(AVAILABLE DATA)
______

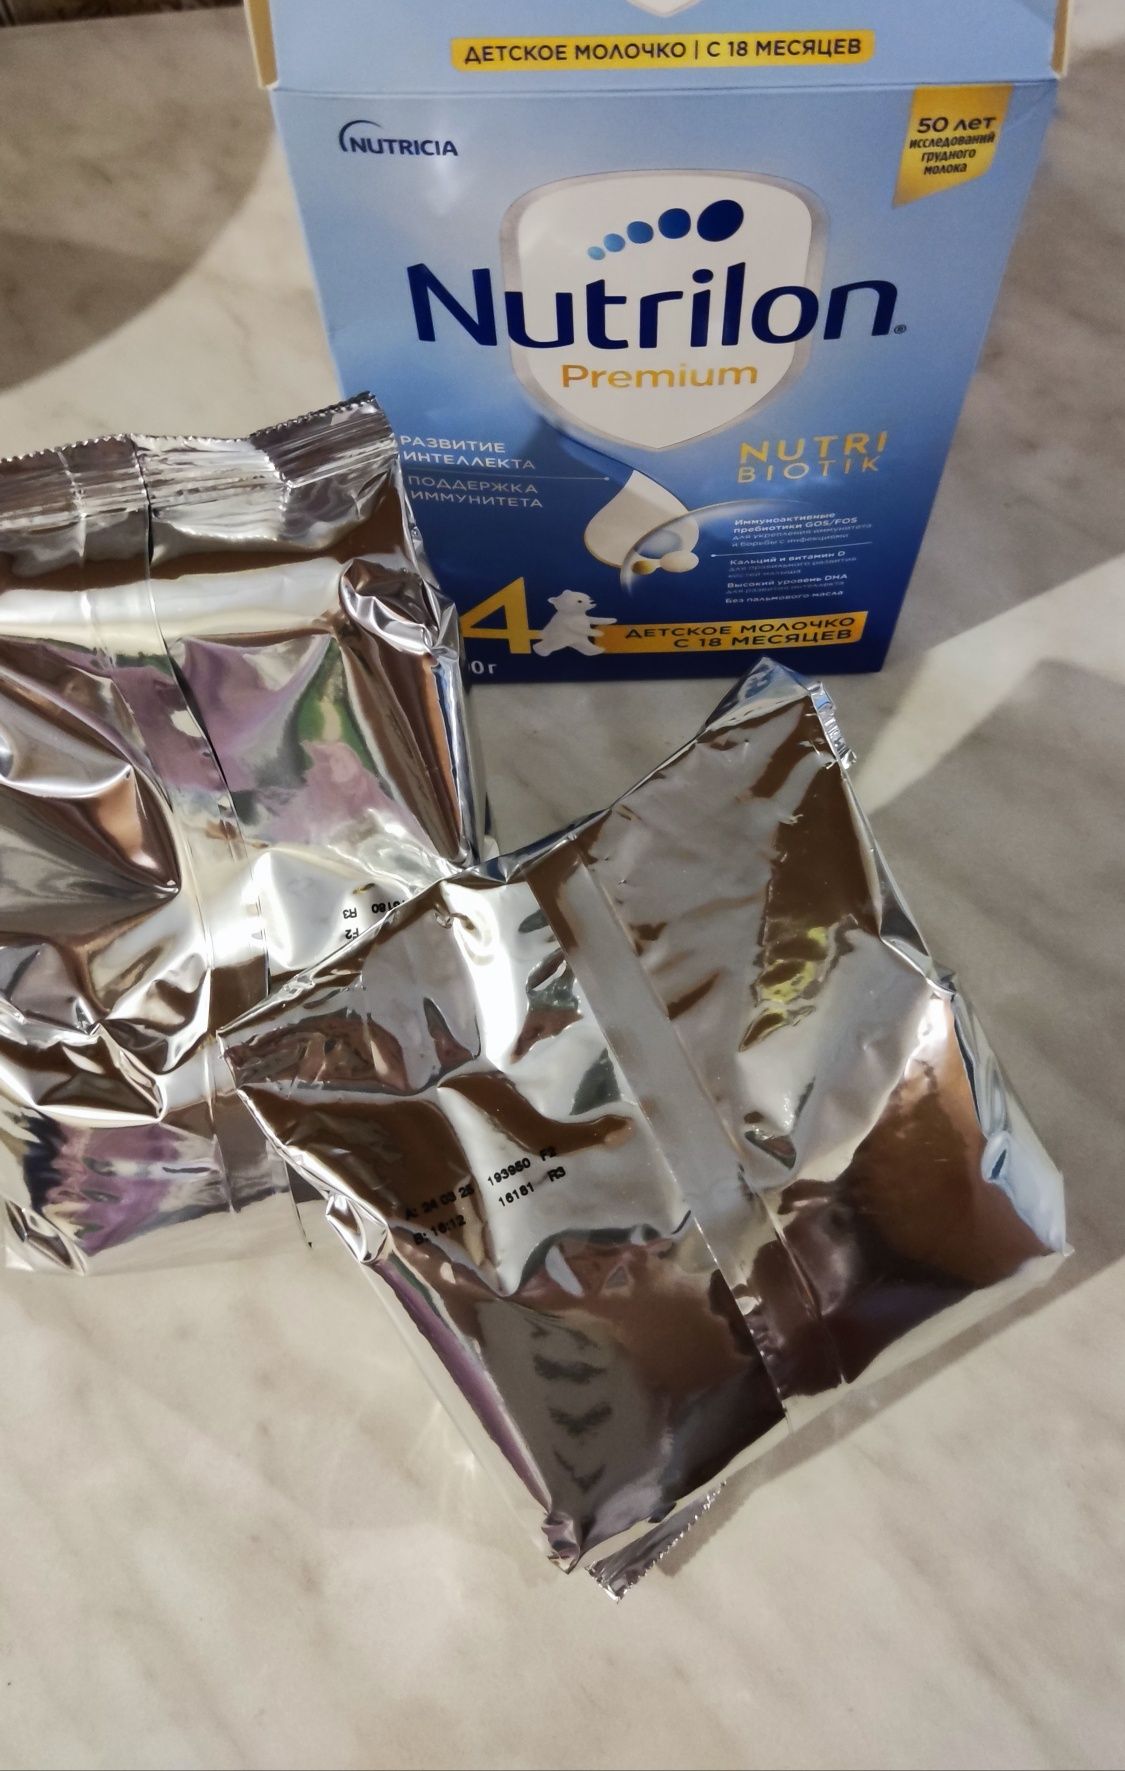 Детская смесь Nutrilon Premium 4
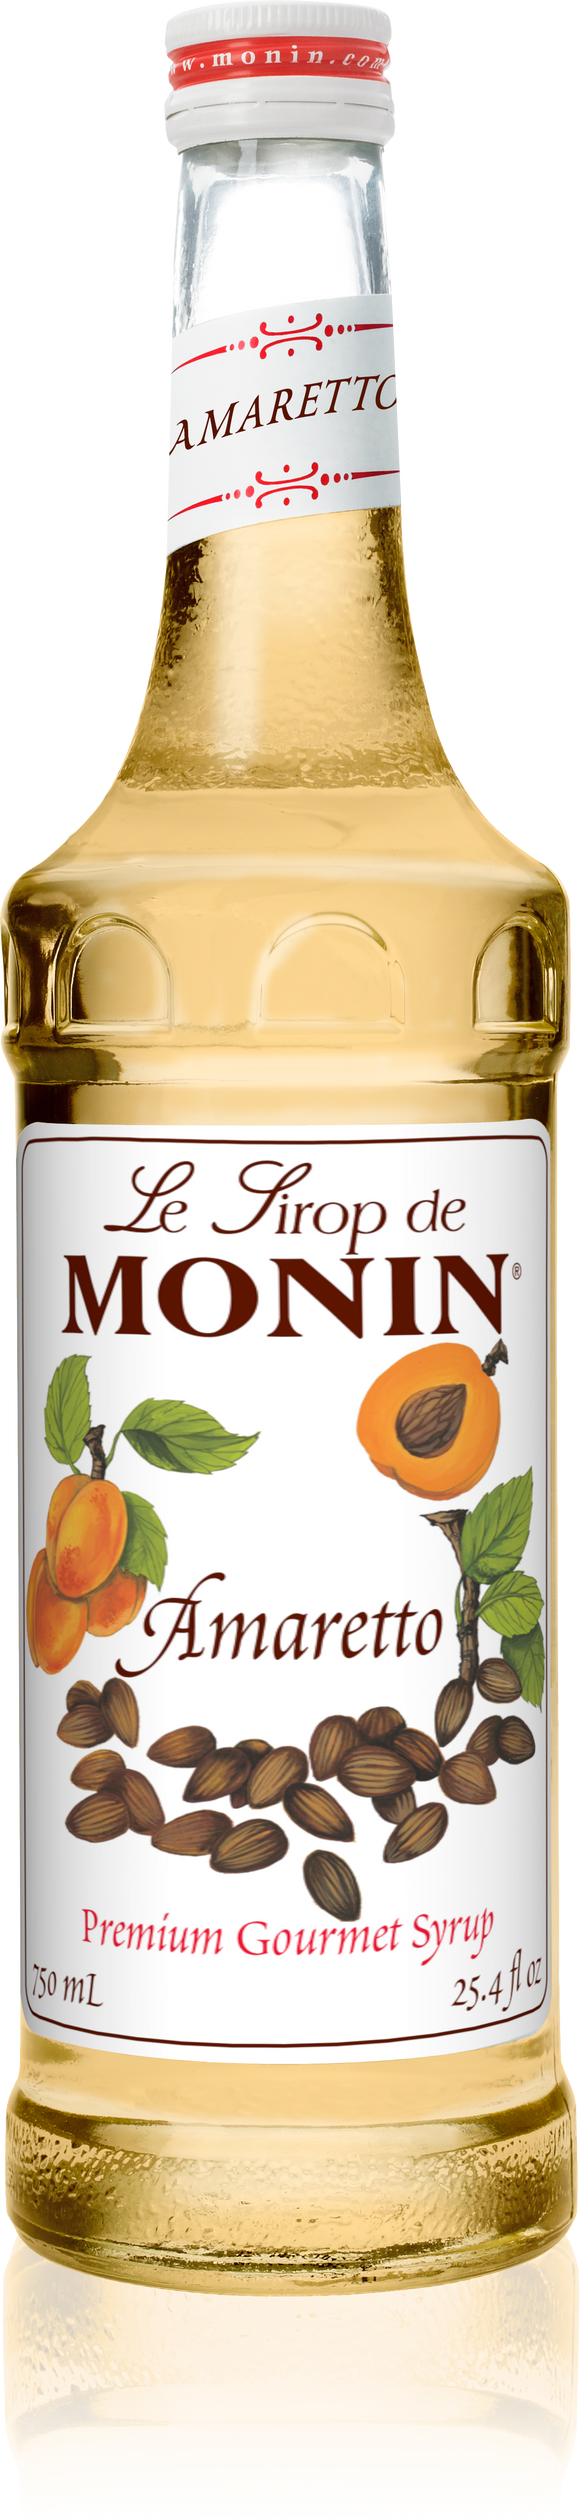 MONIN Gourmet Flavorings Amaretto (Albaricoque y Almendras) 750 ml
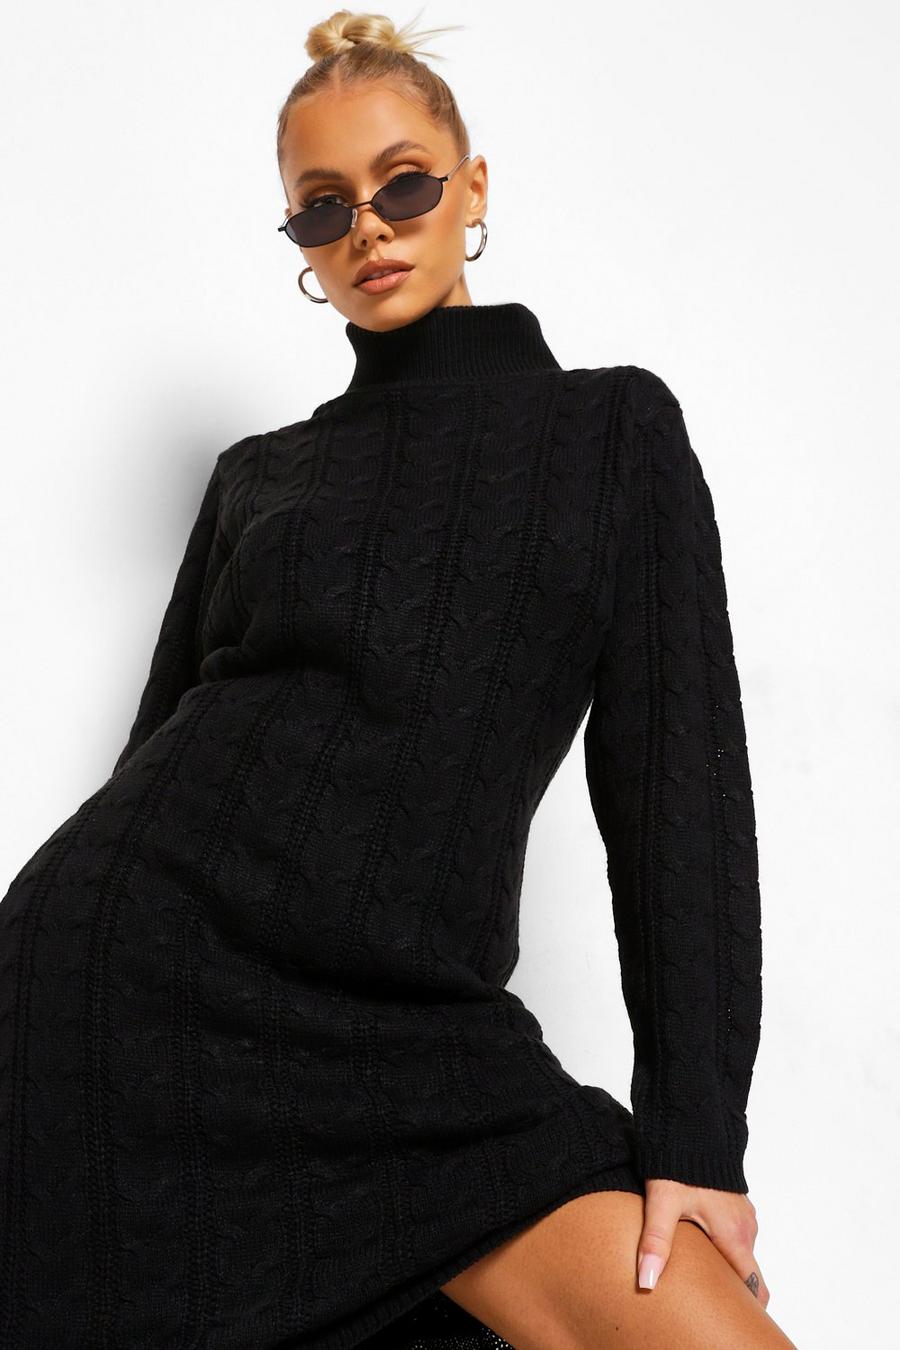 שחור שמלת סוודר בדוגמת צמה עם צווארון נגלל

______

(WORK TASK)
Write the listing out exactly, word for word, but omit the pictures.

(YOUR RESPONSE)
 Детская смесь Nutrilon Premium 4
 MONIN Gourmet Flavorings Amaretto (Albaricoque y Almendras) 750 ml
 שחור שמלת סוודר בדוגמת צמה עם צווארון נגלל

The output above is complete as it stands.